Gordon's Agenda for House Science Panel

Jeff tries to explain how government works to readers of Science.

Despite a legislative batting average that would make a Little Leaguer blush, Representative Bart Gordon (D–TN) is still swinging away during his final year in Congress, hoping to pass bills to bolster research, science education, and alternative energy sources.

This morning the retiring chairman of the House Science and Technology Committee laid out a 2010 legislative agenda for the panel, which oversees—but does not fund—the National Science Foundation, NASA, the National Institute of Standards and Technology (NIST), the National Oceanic and Atmospheric Administration (NOAA), and the Department of Energy's Office of Science. He noted that 37 of the committee's bills passed the House of Representatives in 2009, but only two won Senate backing and became laws.

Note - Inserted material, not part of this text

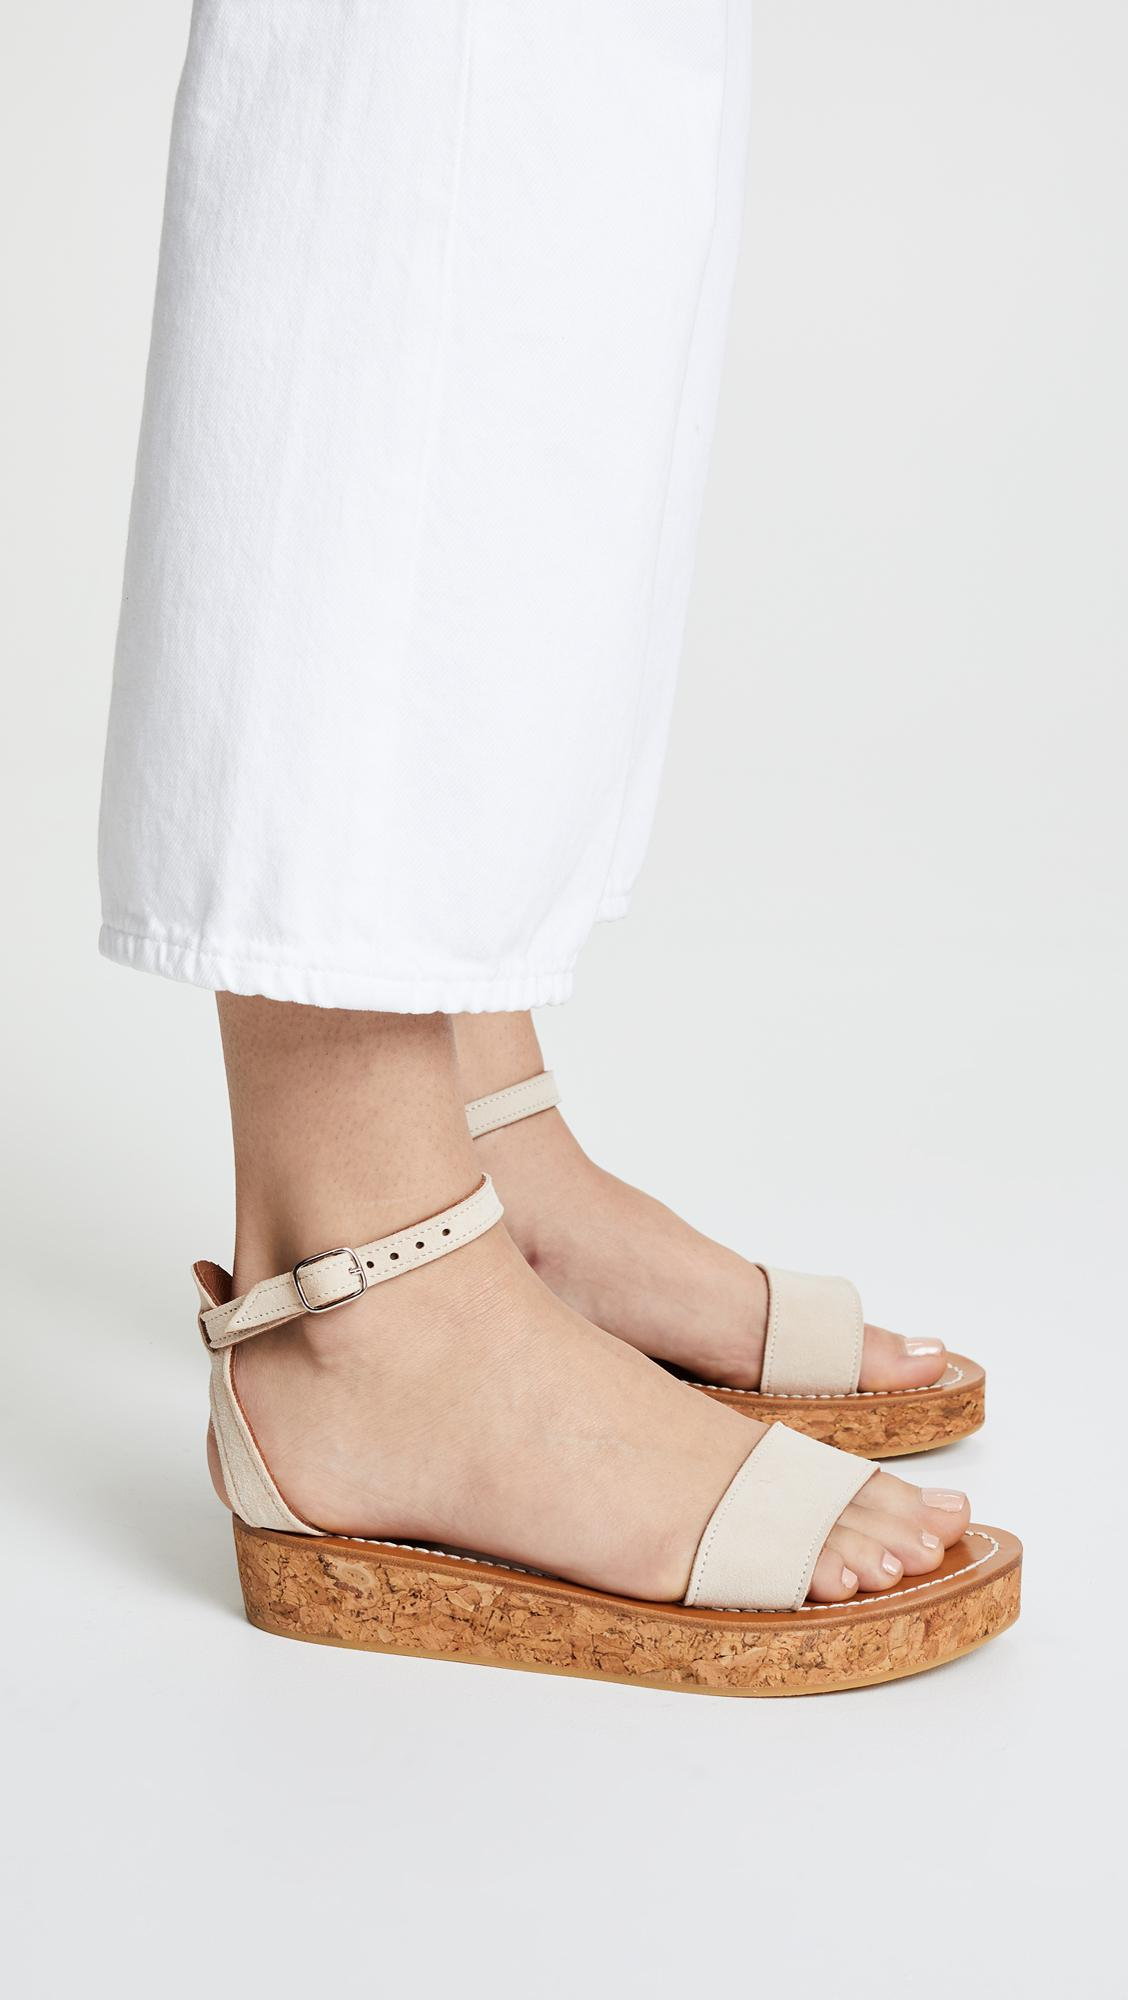 6342f038bd6 Lyst - K. Jacques Talloire Flatform Sandals

The committee's top priority is reauthorization of the 2007 America COMPETES Act. Drawn from a 2005 National Academies report, the sweeping legislation put Congress on record to boost spending on science and math education, including a 7-year doubling of the research budgets of NSF, NIST, and DOE science and the creation of the Advanced Research Projects Agency-Energy (ARPA-E). Gordon said he expected only minor tweaks to its education and research provisions but that he planned to put greater emphasis on interdisciplinary research at the NIST labs. The committee is awaiting President Barack Obama's plans for human space exploration before tackling a NASA reauthorization, he said. NOAA may get its first legislative tuneup since it was created in 1970, he noted. And he said he would favor separate legislation to create a NOAA-led National Climate Service if its current vehicle—the Waxman-Markey energy bill—is abandoned.

With a big helping hand from last year's $787 billion stimulus package, research agencies under the committee's jurisdiction have received billions more to advance the programs spelled out in the COMPETES Act. Gordon said he doesn't expect similar funding increases in 2011, a budget cycle that begins on 1 February when President Barack Obama lays out his spending priorities. But the chair backs language in the 2010 spending bill that says NSF needs a 7% increase in 2011 to stay on its doubling path. "You have to recognize the [current] economic reality," says Gordon. "Any type of significant increase will be a victory. ... I'd like to see it above inflation, as a minimum. But I think that 7% is the right number."

Speaking as a proud parent, Gordon extolled the virtues of ARPA-E and said he'd like to see it grow into a $1 billion-a-year innovation machine. Agency officials are holding a fair in March to peddle all the good research ideas they couldn't fund in its first competition—for $150 million of the $400 million it received in one-time stimulus funding. The agency is still looking for its first annual appropriations.